What spend caps should actually enforce

Spend caps are a small feature with a surprisingly big surface area. The implementation I want:

The pre-request spend-cap check (planned)

Operator sends a request to /api/v1/chat/anthropic/messages with their Bearer token.
Gateway resolves the org from the token and loads the org's spend caps (daily, weekly, monthly, per-provider, per-member).
Gateway estimates the cost of the request before calling the provider — token count of the input, model price, expected output tokens (using a heuristic per model).
Gateway queries the ledger for the current spent-amount in each cap's window.
If current_spent + estimated_cost > cap, the gateway returns 402 Payment Required with which cap was hit.
If all caps pass, the gateway writes the reserve event for estimated_cost and proceeds with the provider call.
After the provider returns, the actual cost is computed from real token usage; the commit event records the true amount, and any over-reservation is released back to available.

The estimation step is approximate. I expect to over-reserve by ~10% on average; the release-back makes the over-reservation invisible to the operator's available balance over time. The benefit is that runaway requests cannot exceed the operator's spend cap by more than the per-request reservation buffer.

I am not building this until I have at least two operators using the system. That is somewhere between four and twelve weeks out. But I am committing to the design now because I do not want to retrofit it after the first reconciliation discrepancy.

Per-org credit pools and partner tiers

Two more dimensions I want to commit to in advance.

First, organizations should have credit pools, not individuals. An operator who is a member of two organizations should see the credit balance of whichever org their current API key was scoped to. This makes credit costs accountable to the right party (the org, not the individual).

Second, partners (eventually — DOS resellers / consultancies) should get markup tiers. A partner adds a percentage to the per-token cost of provider calls made by their downstream clients; the markup should be recorded as a separate line in the ledger so partner attribution and provider cost are independently auditable.

Both of these are months out. I am writing them down now because the schema decisions I am about to make for the events table need to leave room for them. Adding a column to an event-sourced table later is cheap; adding a concept the table cannot represent is expensive.

Name	Type	Required	Default	Description
event_type	reserve \| commit \| release \| adjustment	yes	—	The four legal event kinds. Adjustment is for manual corrections (refunds, comp credits) — rare, audited.
amount_credits	decimal(18,6)	yes	—	Always positive. Direction is implied by event_type. Six decimal places to handle small per-token costs.
org_id	uuid	yes	—	The organization whose pool this affects.
request_ref	uuid	yes	—	The provider request this event corresponds to. Reserve and commit/release share the same ref.
idempotency_key	string	yes	—	Caller-provided. Reserves with the same idempotency_key are deduped within a 24h window.
created_at	timestamptz	yes	now()	Append-only. Never updated. Indexed for projection rebuild.
actor	member_id \| system	yes	system	For audit. Member-initiated requests vs. system-initiated reconciliations.

What I want to commit to, before I have anything to commit it against

Three commitments, in order of how much pushback I expect on them:

One: bundle the cross-cutting concerns until you cannot. Routing, auth, metering, billing, and logging in one service is the right shape for a one-or-two-operator system. They will eventually warrant separate services. They do not warrant separate services yet, and bundling them at the gateway lets the operator-facing API stay simple. Premature splitting is more expensive than late splitting.

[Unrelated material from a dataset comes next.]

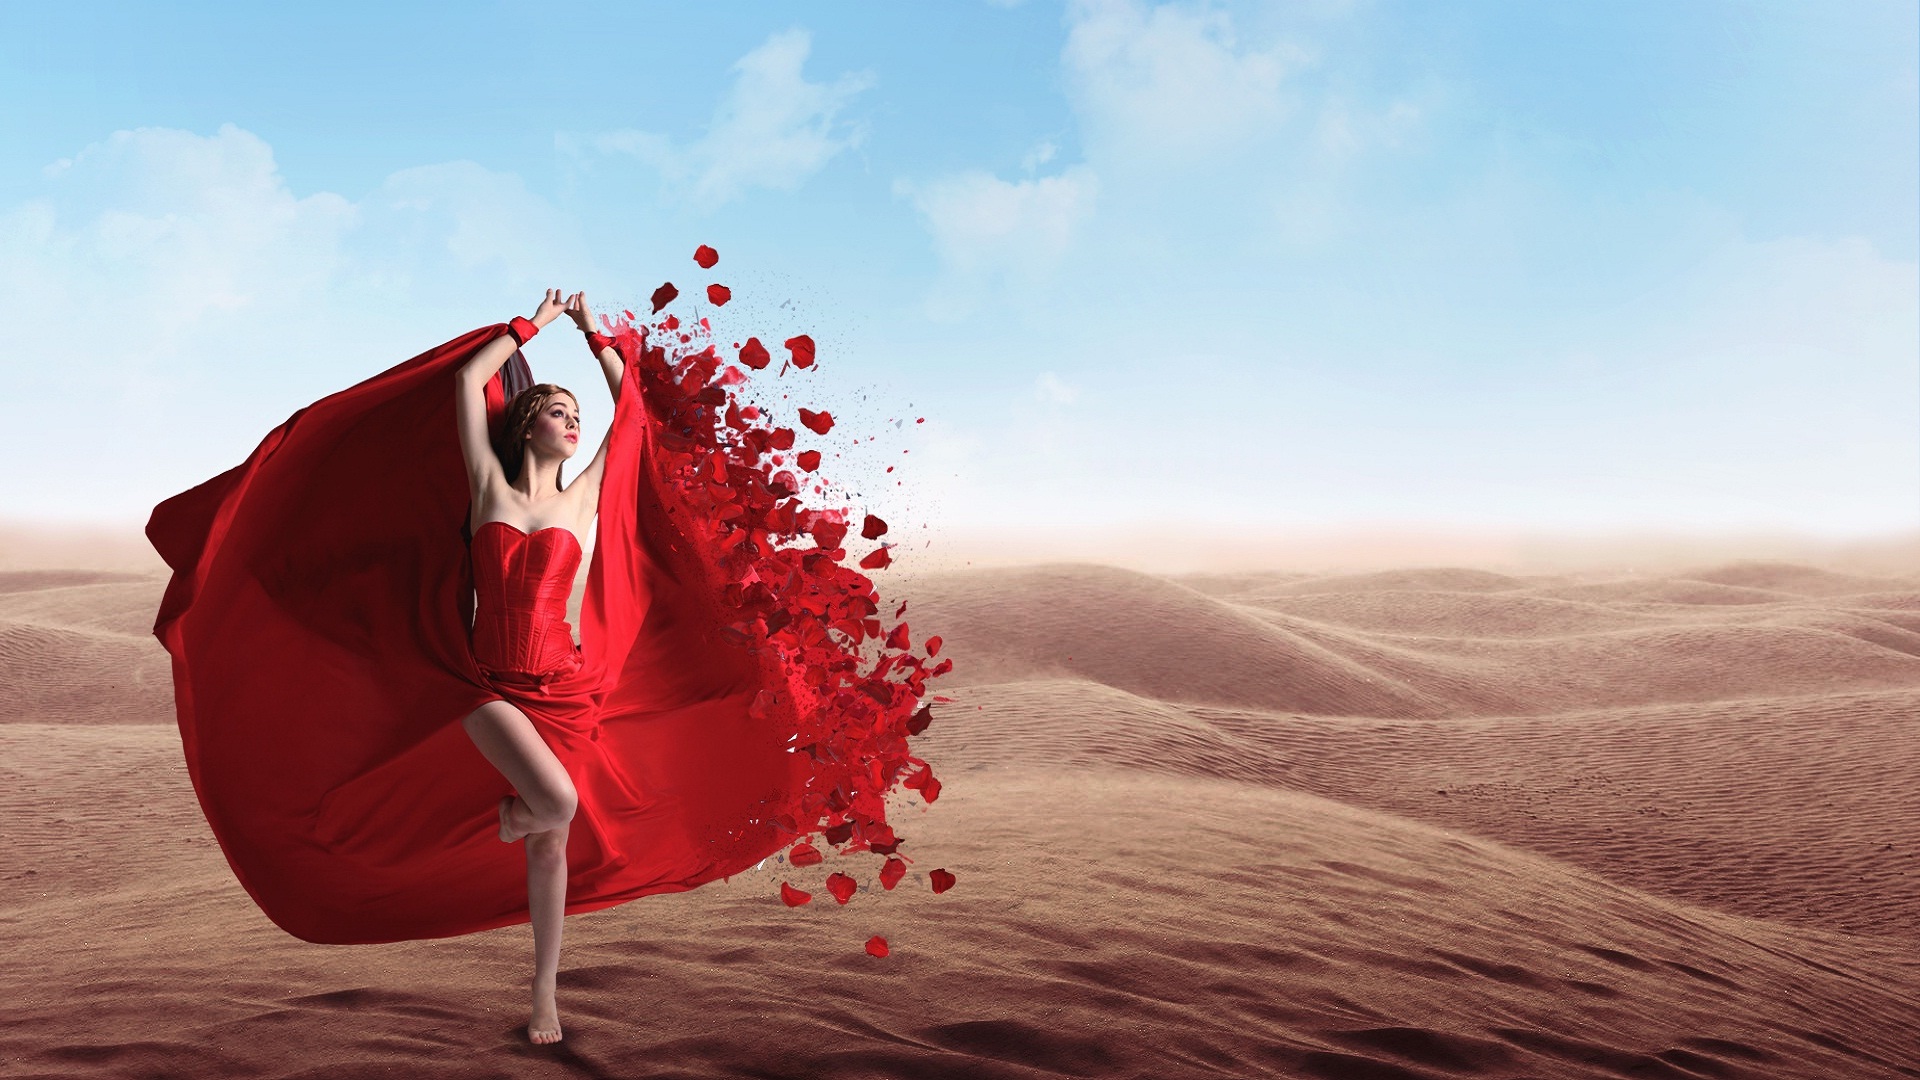 Exquisite-happy-girl-in-red-dress. | ÇÖL & ARABİC | Pinterest ...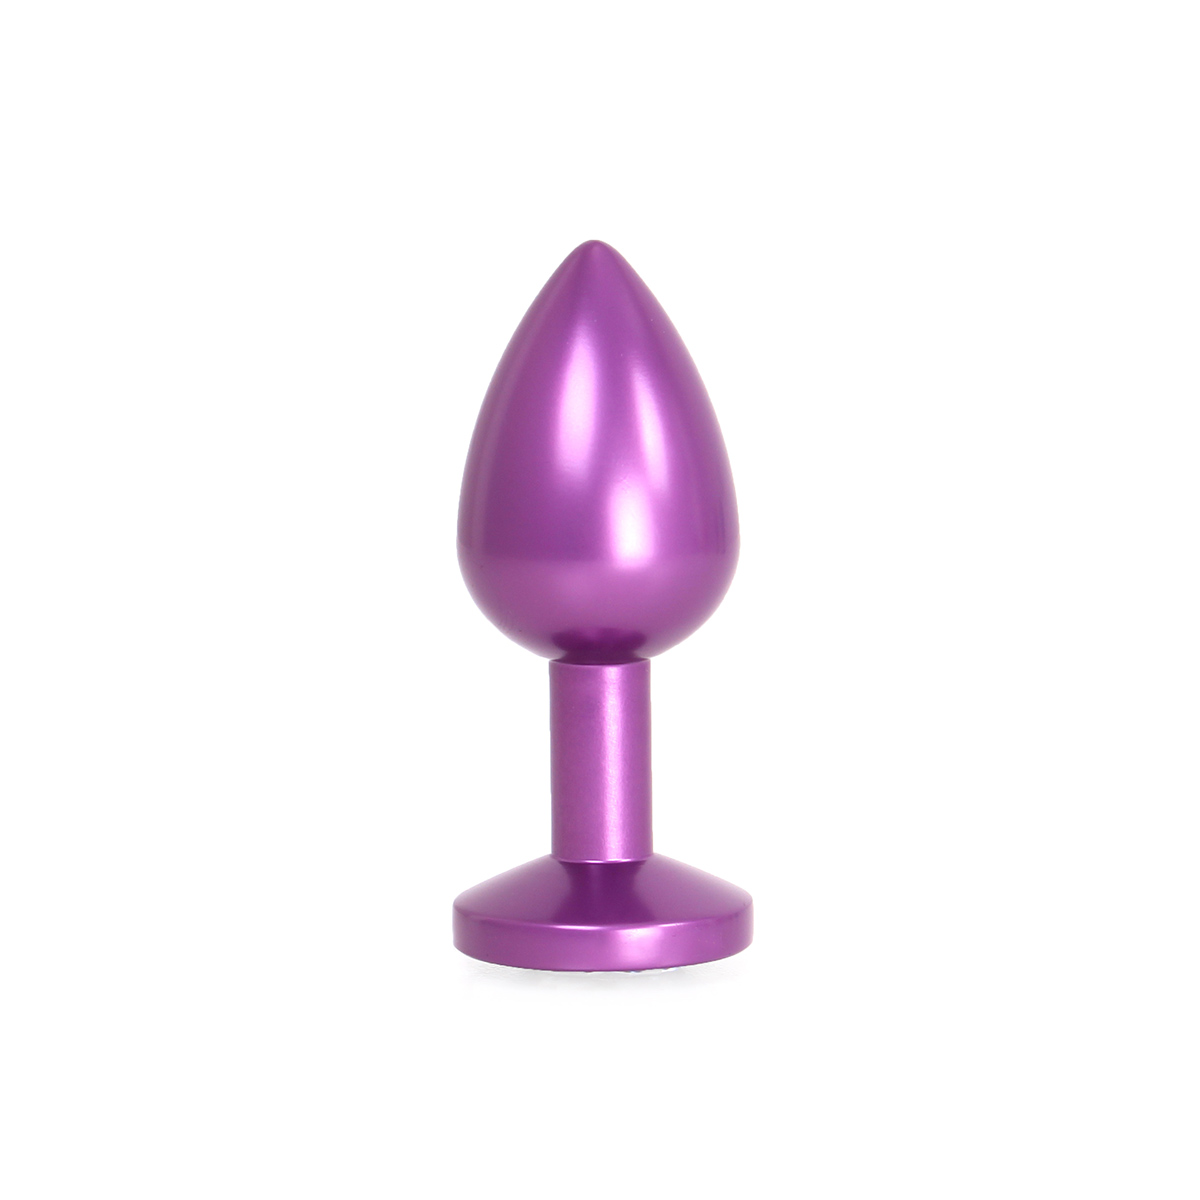 Aluminium-Buttplug-Purple-with-Clear-Gem-OPR-2820035-2

Two: never let a single decimal column be your ledger. The event-sourced ledger feels like overkill until your first reconciliation discrepancy. Then it feels like the only sane choice. I want to build it correctly the first time because I cannot afford to find out the hard way at the same time as I am explaining a billing discrepancy to the first paying operator.

Three: spend caps must be enforceable pre-request, not just observable post-request. Post-request spend caps (the kind cloud providers expose: "we'll alert you when you exceed $X") are useful for analytics. Pre-request caps are the only thing that prevents an unattended runaway from emptying the operator's pool. Build both. Default to the pre-request one as the binding constraint.

Idempotency keys all the way down

Every reserve event should require a caller-supplied idempotency key. The same key within 24h returns the same response without making a second provider call. This protects the operator against retries, network drops, and concurrent duplicate requests. The cost is one column on the events table and a unique index. The benefit is that "did the call go through?" stops being a question that requires reconciliation.

Why the gateway should exist

The thesis the substrate serves.

Substrate is replaceable

The provider behind the gateway can change.

Mechanized invariants

Same anticipatory-design discipline, different system.

The gateway is one of those pieces of infrastructure that is invisible when it works and fatal when it does not. I am writing this post before I have written a line of it because I would rather commit to the architecture in public than retrofit it after the first paying operator.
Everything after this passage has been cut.